SOURCE DATA:
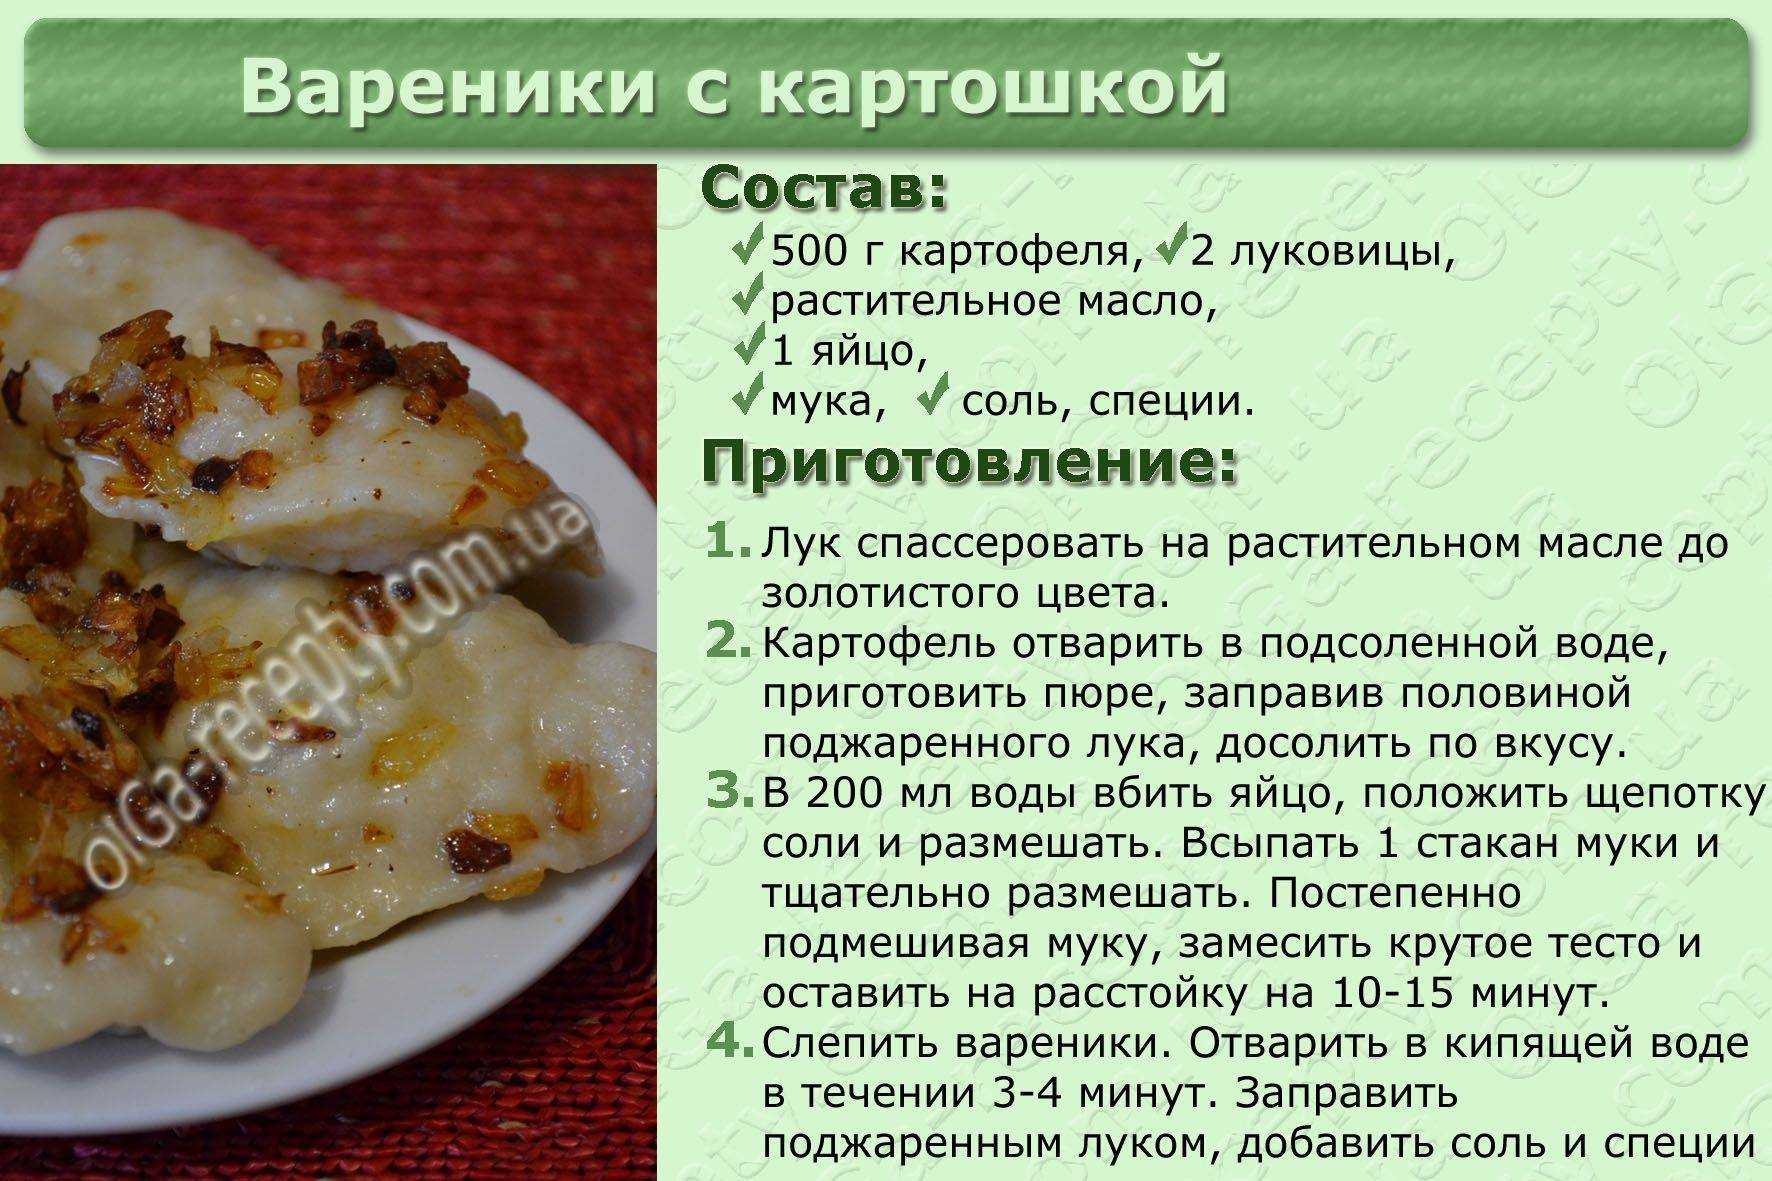 Рецепты теста на пару. Вареники с картошкой рецепт. Рецепт приготовления вареников с картошкой. Вкусное тесто на вареники. Рецептура блюда вареники с картошкой.
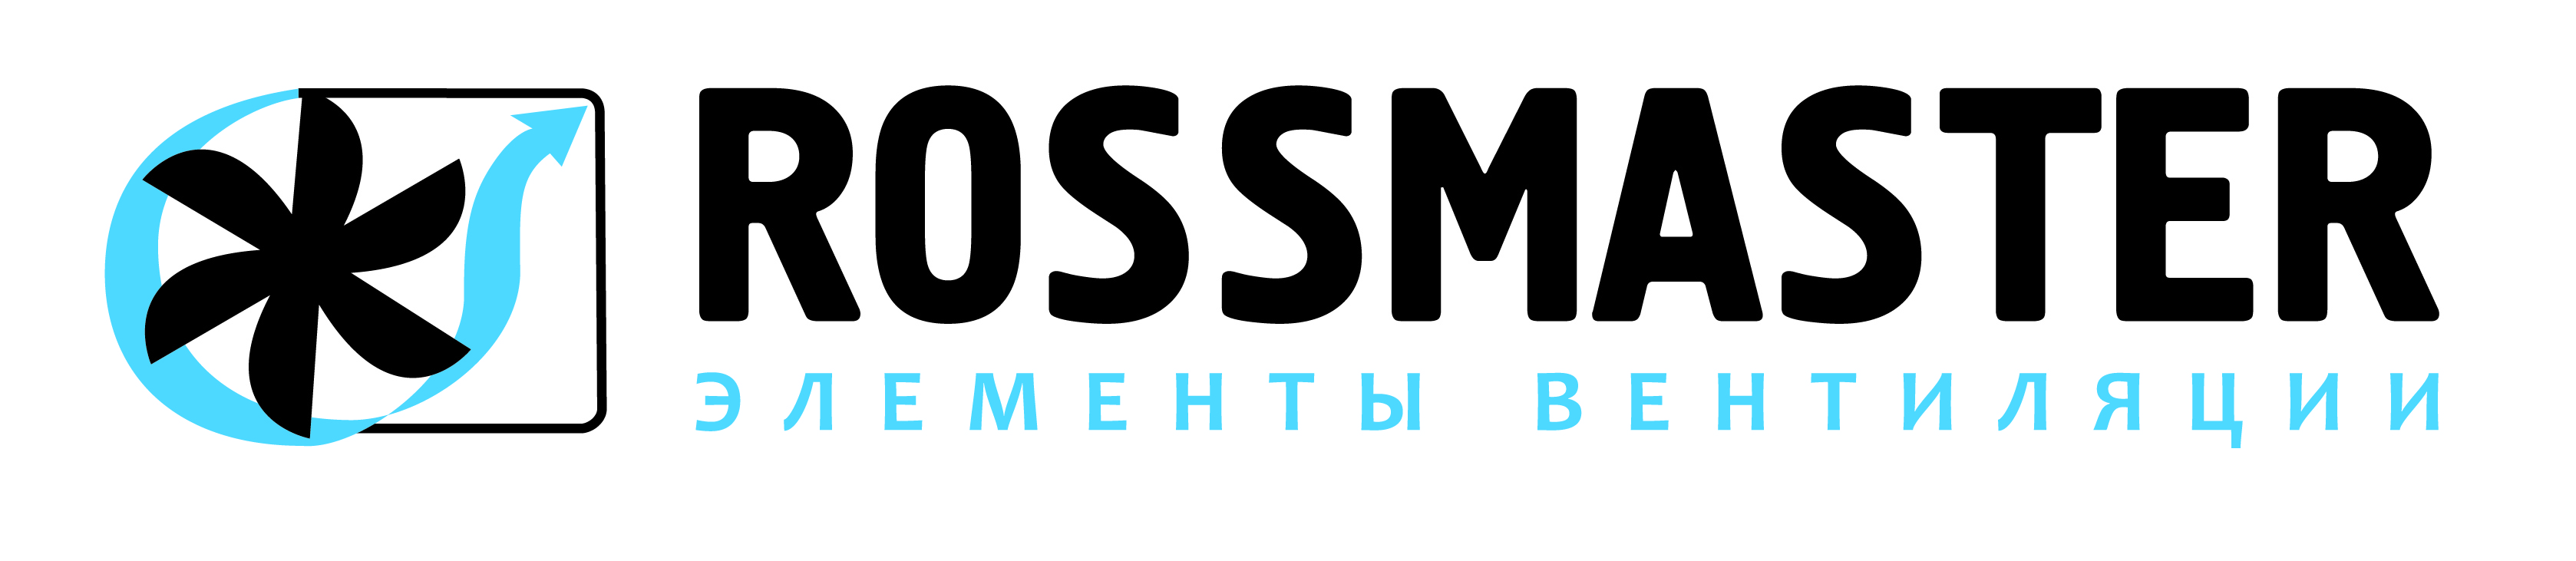 rossmaster logo
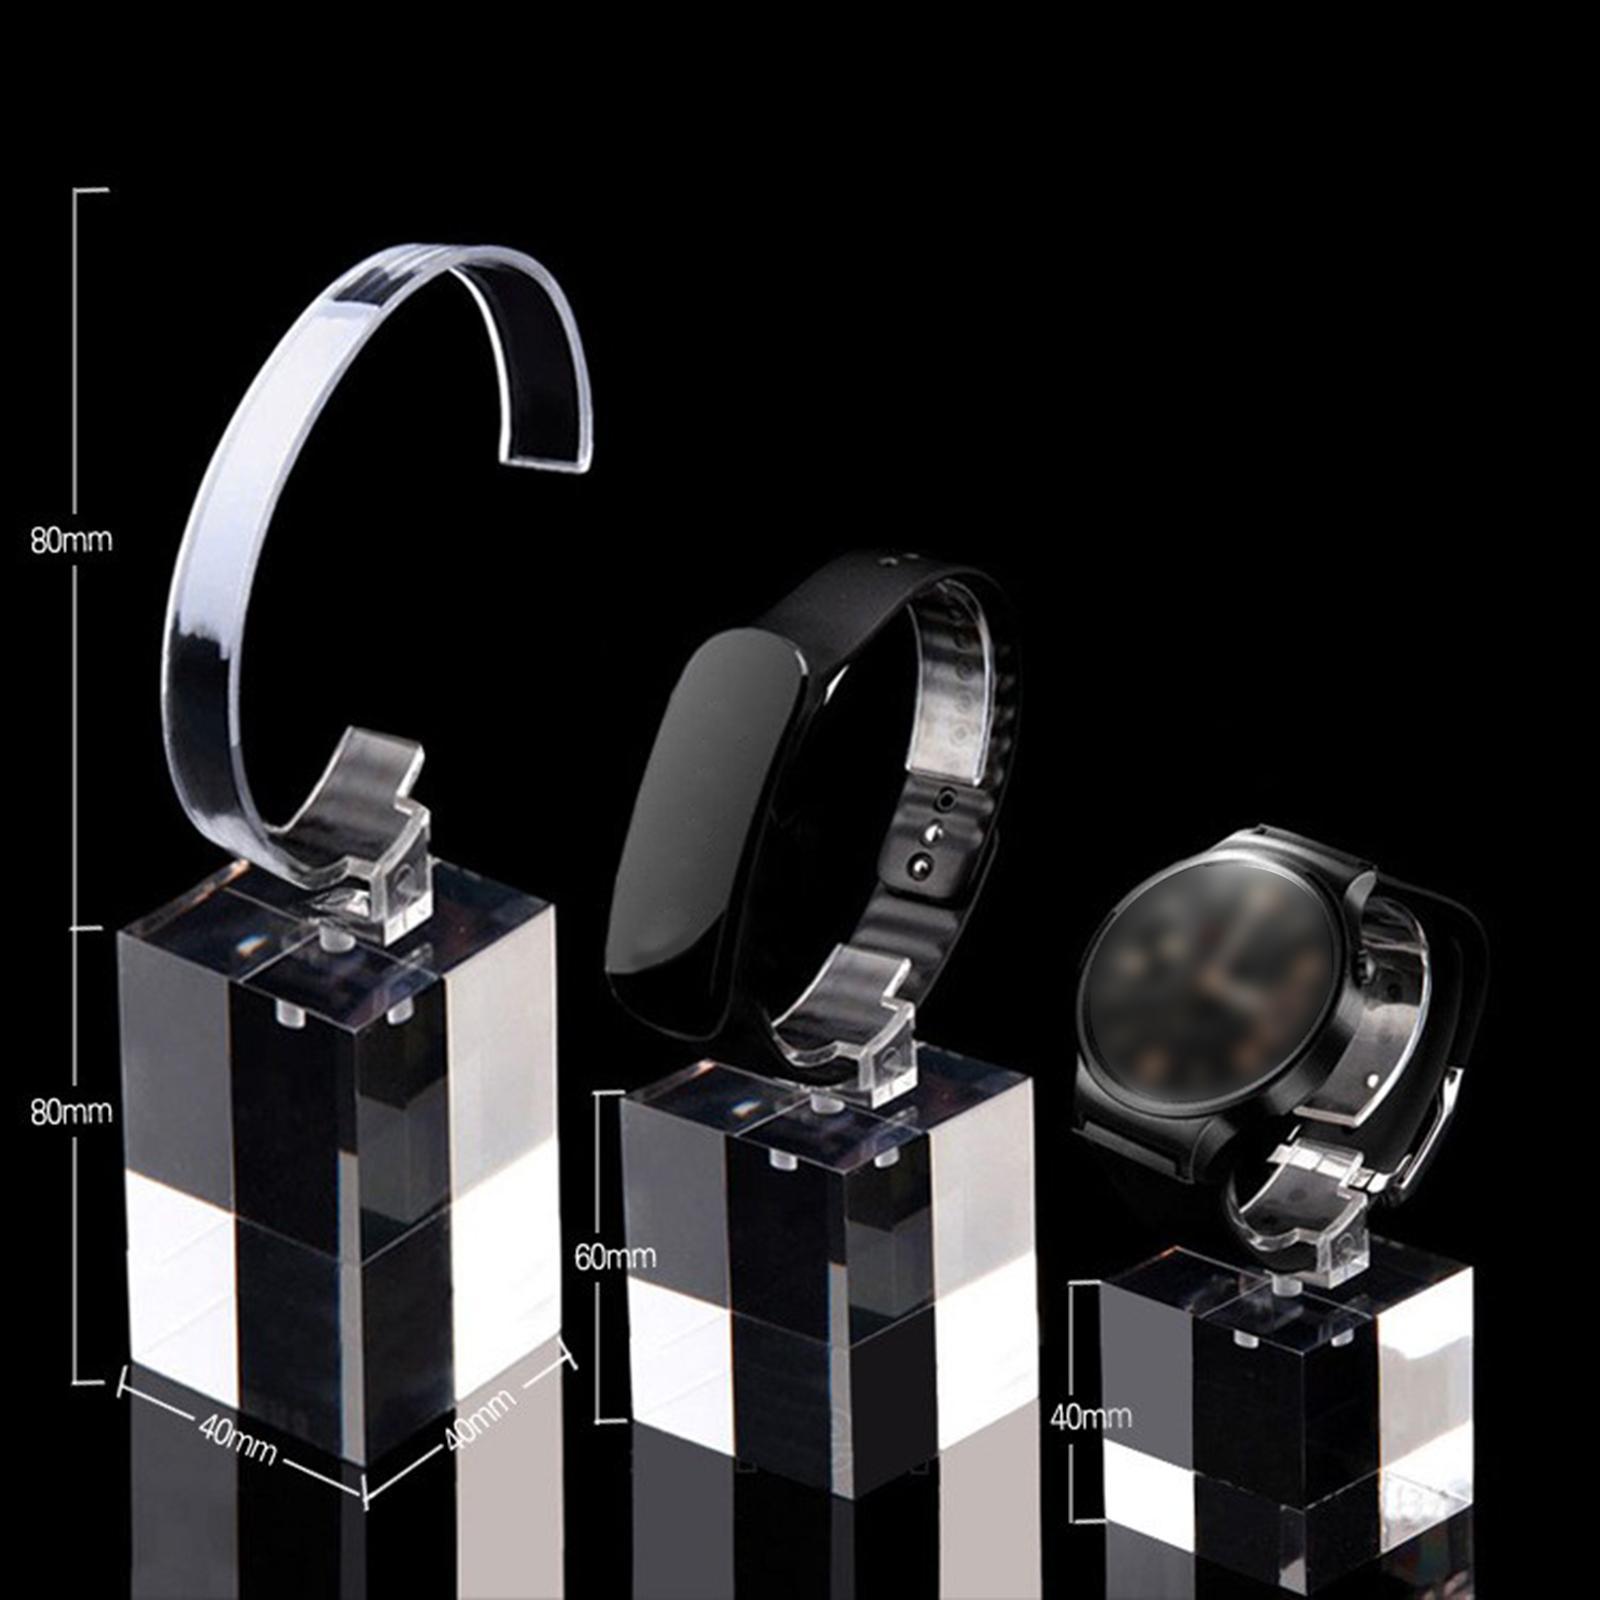 3 Pieces Jewelry Bracelet Watch Display Rack Storage for Retail Dresser Shop

ABOUT THIS TASK: Reproduce the material above in full, images excluded.

EXPECTED OUTPUT:
 Рецепты теста на пару. Вареники с картошкой рецепт. Рецепт приготовления вареников с картошкой. Вкусное тесто на вареники. Рецептура блюда вареники с картошкой.
 rossmaster logo
 3 Pieces Jewelry Bracelet Watch Display Rack Storage for Retail Dresser Shop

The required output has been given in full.